YOUR GOAL: Please reproduce the listing below exactly, leaving out every picture.
***** COLLECTED MATERIAL *****
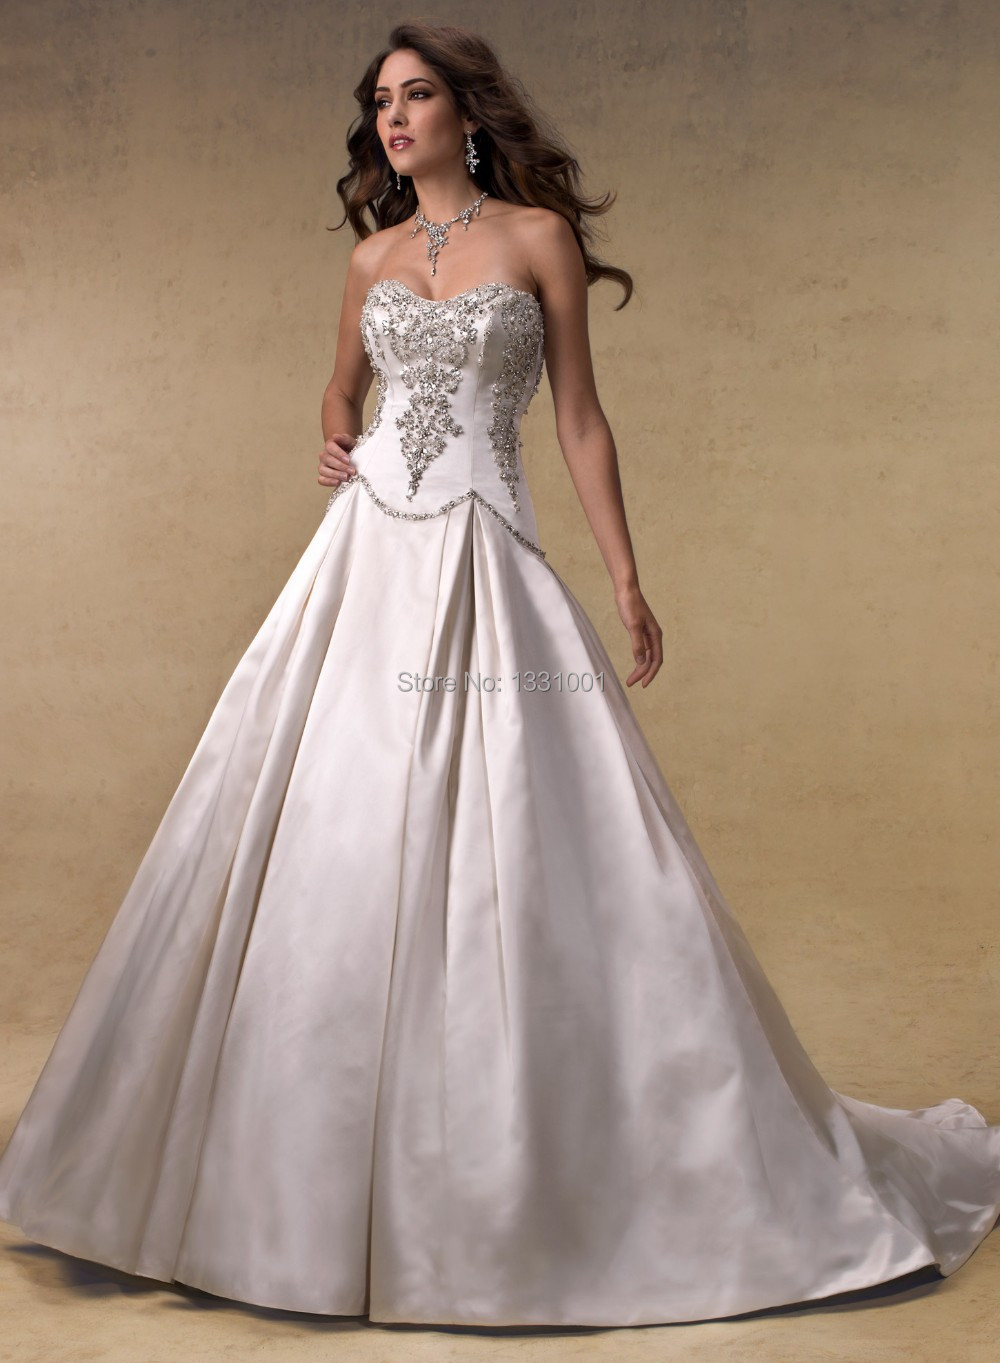 Online Get Cheap Purple White Wedding Dress -Aliexpress.com ...
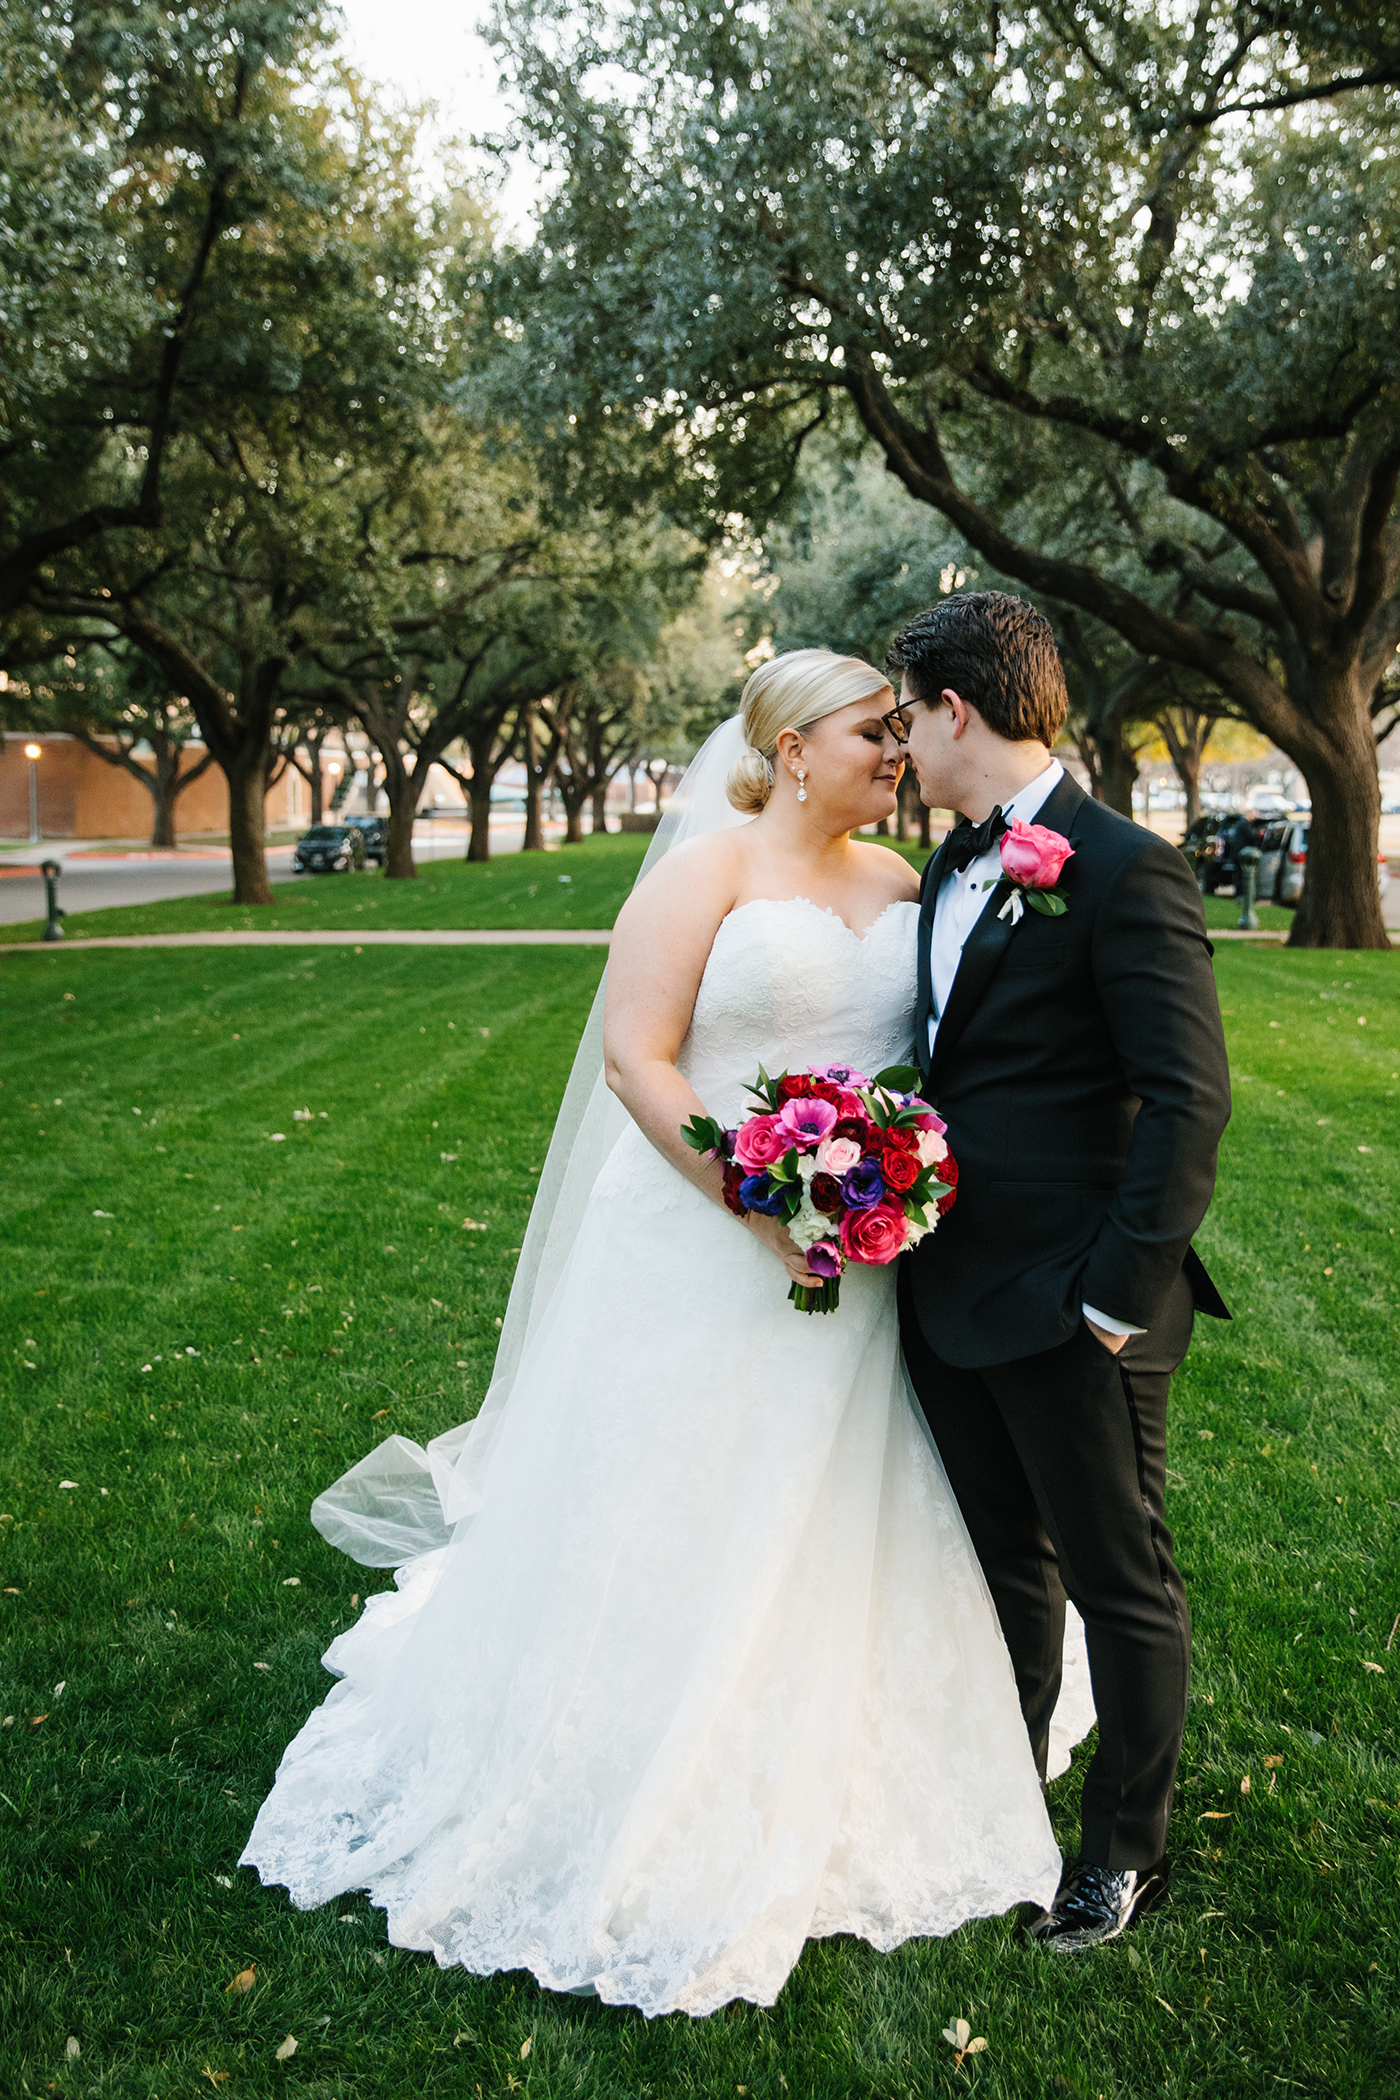 Dallas Weddings Planner - Allday Events - Katie + Matthew at The Adolphus Hotel - 473.jpg
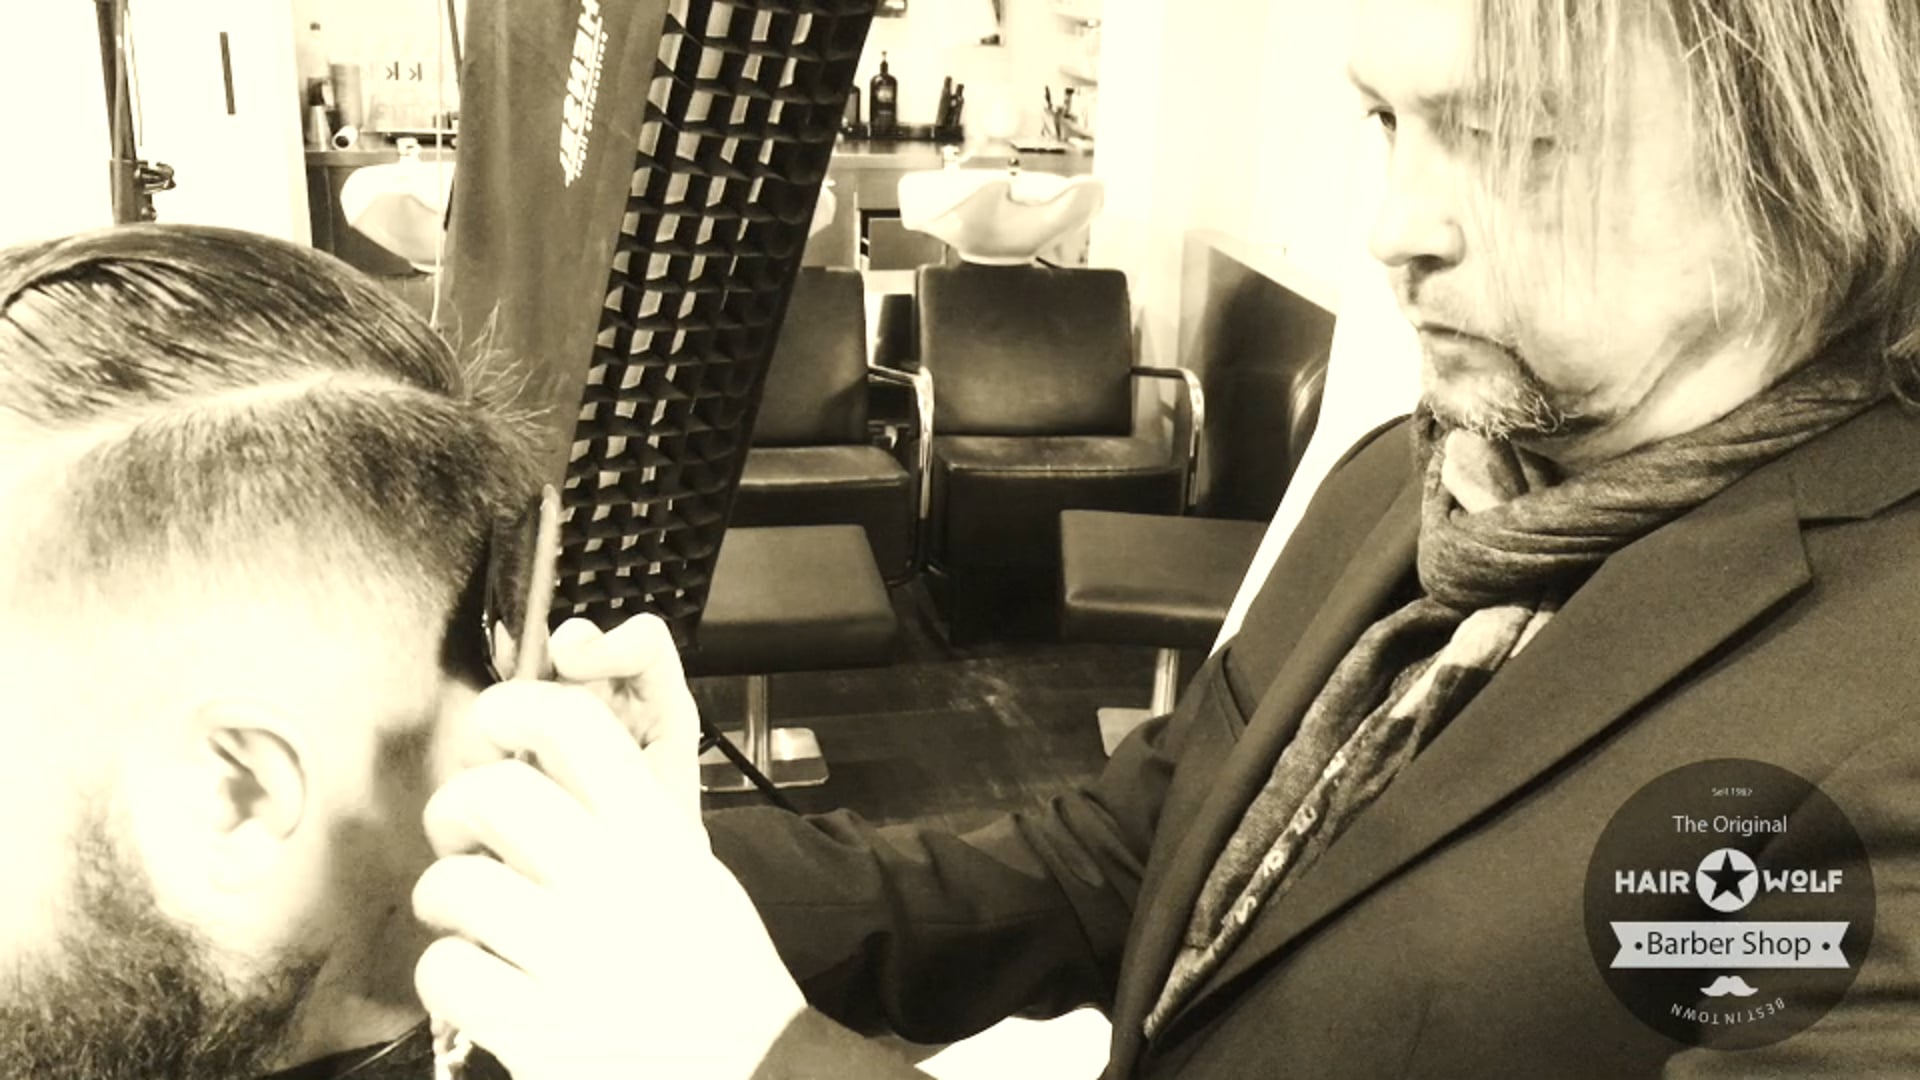 Barber Shop, Hair Wolf
*****
EXERCISE ANSWER:
 Online Get Cheap Purple White Wedding Dress -Aliexpress.com ...
 Dallas Weddings Planner - Allday Events - Katie + Matthew at The Adolphus Hotel - 473.jpg
 Barber Shop, Hair Wolf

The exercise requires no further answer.